В шестидневном детском саду моего детства мы знали два прибора: большая алюминиевая ложка для первого и второго плюс маленькая алюминиевая ложка для компота. Все. Дома меня пытались учить есть ножом и вилкой. Вилку я, конечно, освоила, но нож! Да и времени не было на всякие церемонии. Показали мне один раз, как управляться столовыми приборами в приличном обществе, а дальше дело было мое: хочешь – следуй приличиям, не хочешь – оставайся свиньей. Точка. Вообще-то я предпочитала оставаться свиньей, так было проще и быстрее.
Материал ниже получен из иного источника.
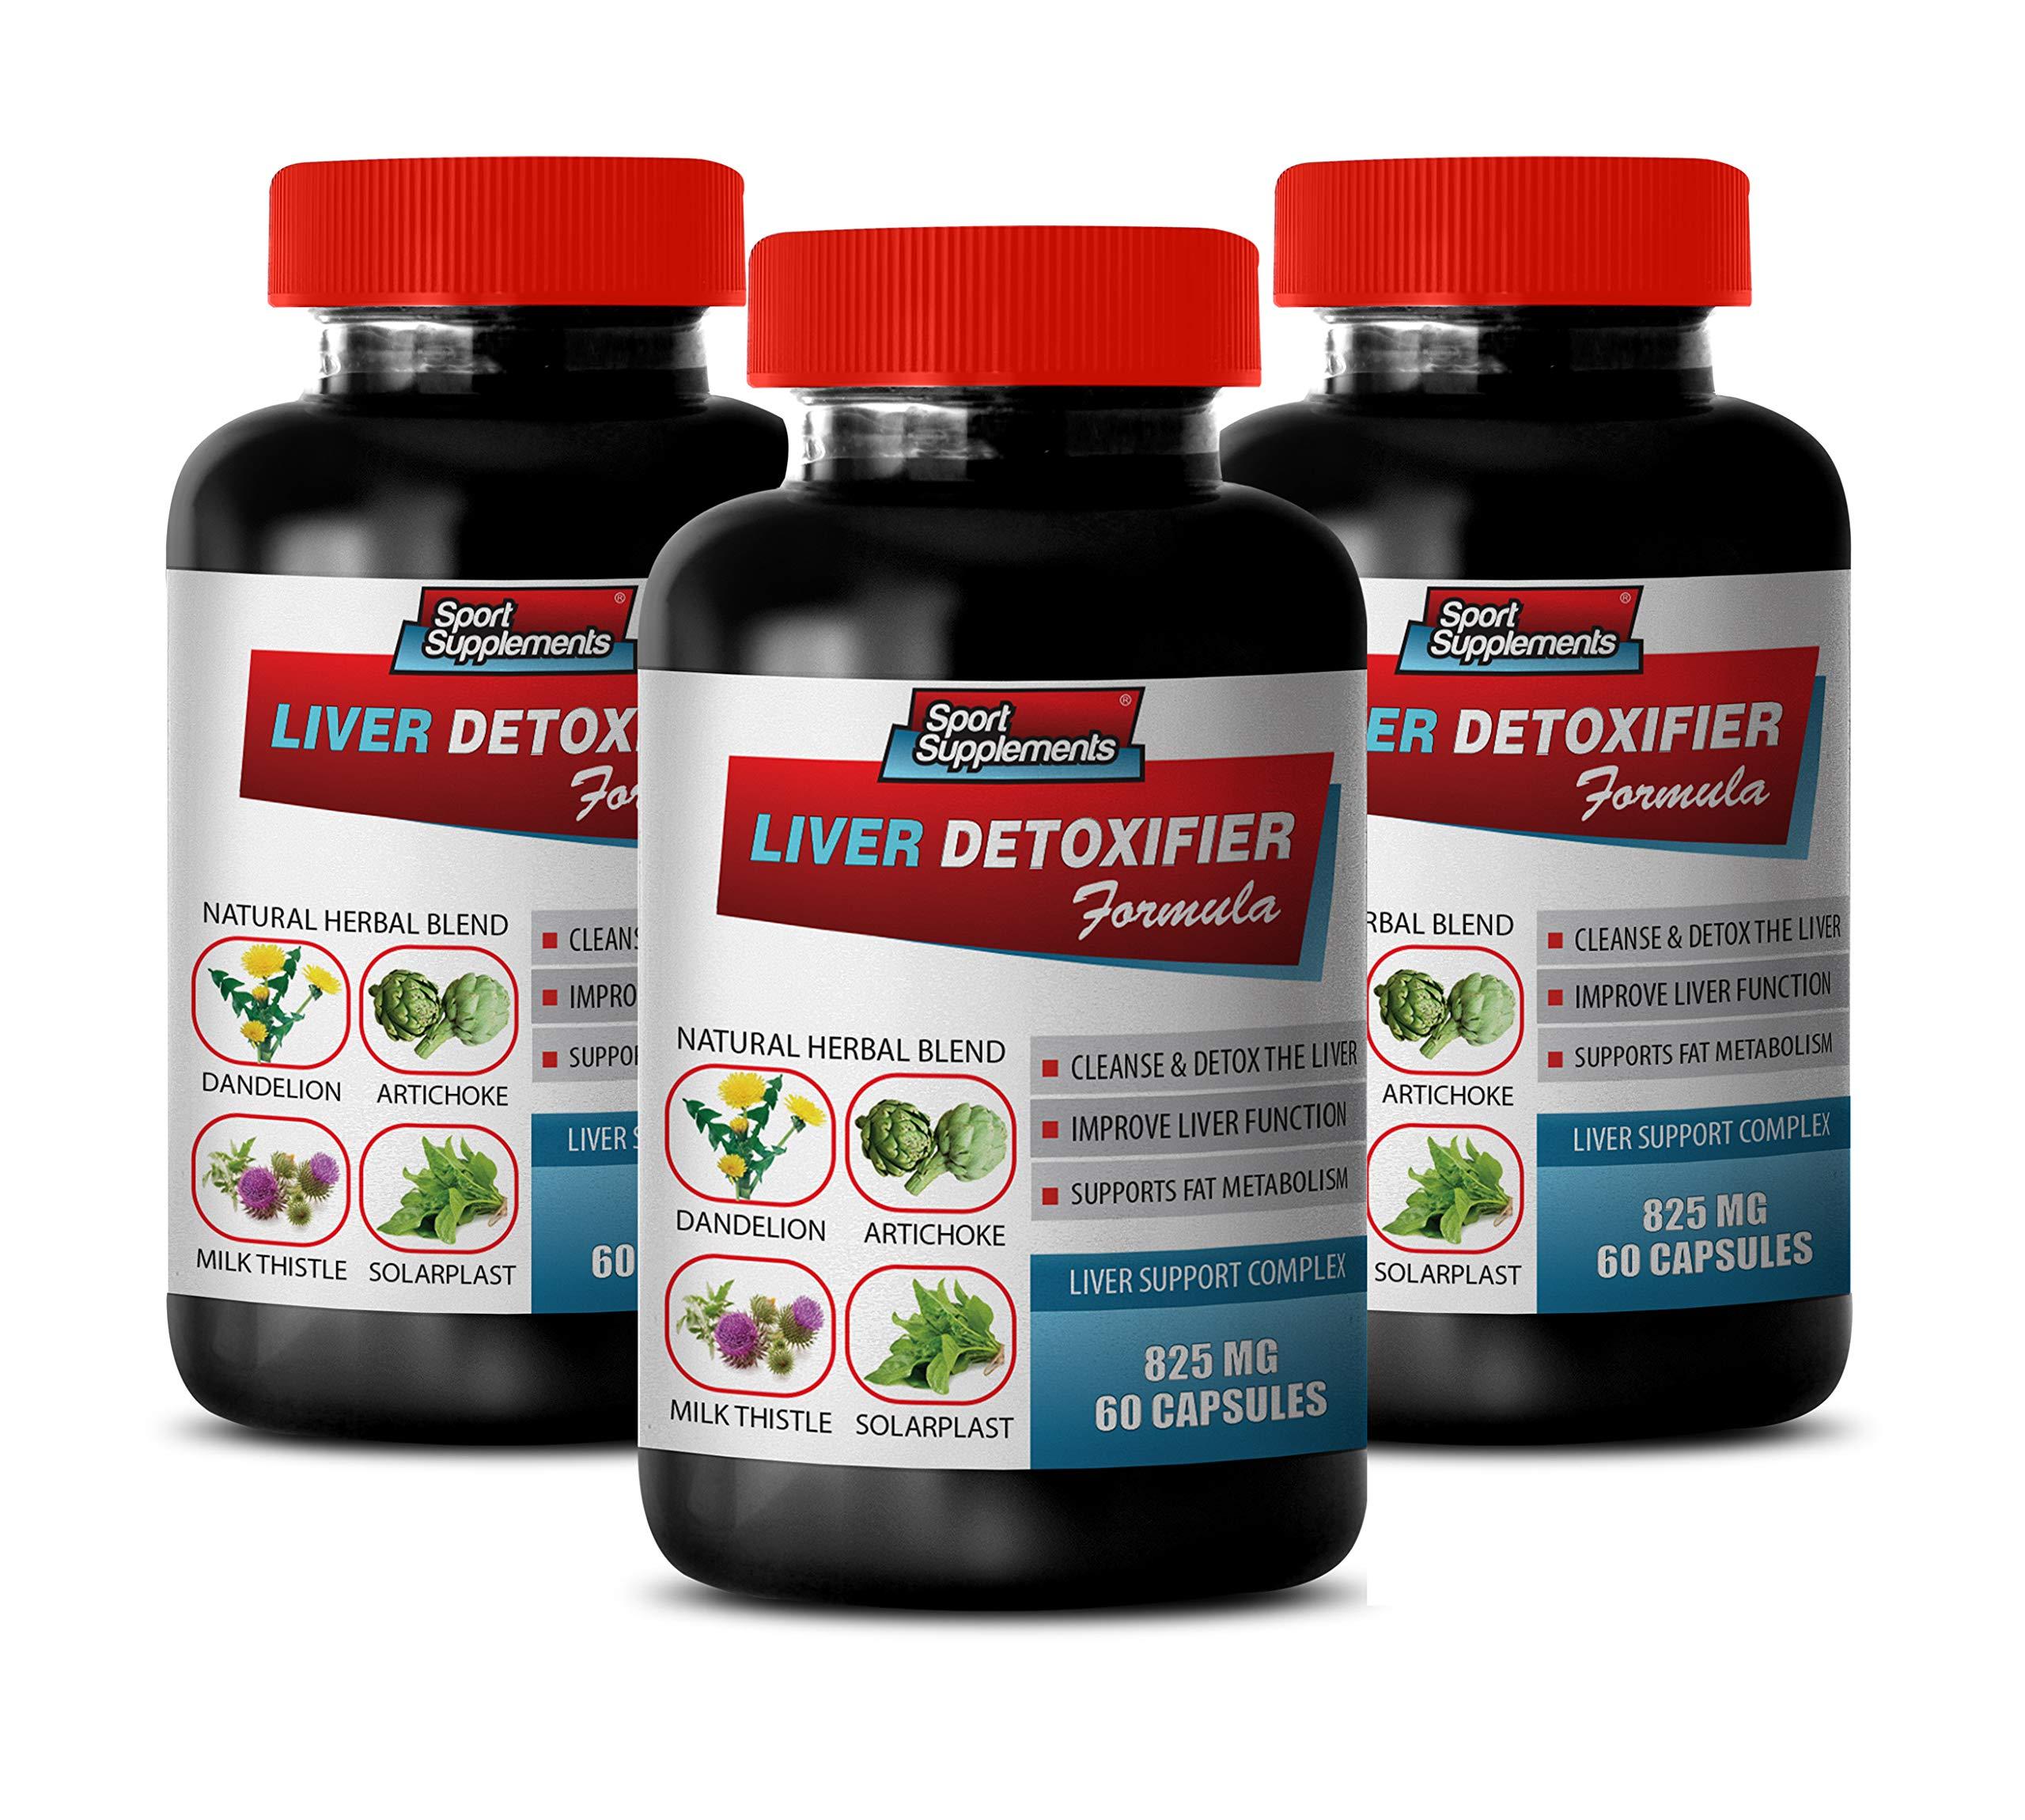 Liver Cleanse and Support - Liver DETOXIFIER Formula - Natural Herbal Blend - protease Supplement - 3 Bottles 180 Capsules

Но вот – не везде получается остаться свиньей. Этого я не учла. Решение пришло быстро: я съем большой ложкой суп. А от второго откажусь. Скажу, что больше не хочу есть. Вернусь домой и уж как следует пообедаю. Еду на стол подносила домработница в белом фартуке и в чепчике. Это тоже невероятно меня стесняло. У нее был такой строгий вид, что я боялась даже смотреть в ее сторону. Как бедный Вова все это терпит?
Суп с фрикадельками оказался невероятно вкусным, но аппетит от него только разыгрался. Вова, замотанный огромной салфеткой, расплескивал суп, не всегда донося ложку до рта. Замечаний ему никто не делал. Нас не торопили. «Ешь давай, скорей давай», – ни разу не прозвучало за обедом. Видимо, они приспособились к Вове и давали ему время самому справиться с едой, принимая во внимание его возможности. За столом сидели все члены семьи: бабушка – «графиня Потоцкая», ее сын, Вовин отец, космический академик, на которого Вова был невероятно похож, только у отца не было тика, он прекрасно и ловко обходился со столовыми приборами, ведя при этом чрезвычайно занимательную беседу с дамами: своей матерью и худенькой, бледной, ничем не примечательной женой, Вовиной мамой.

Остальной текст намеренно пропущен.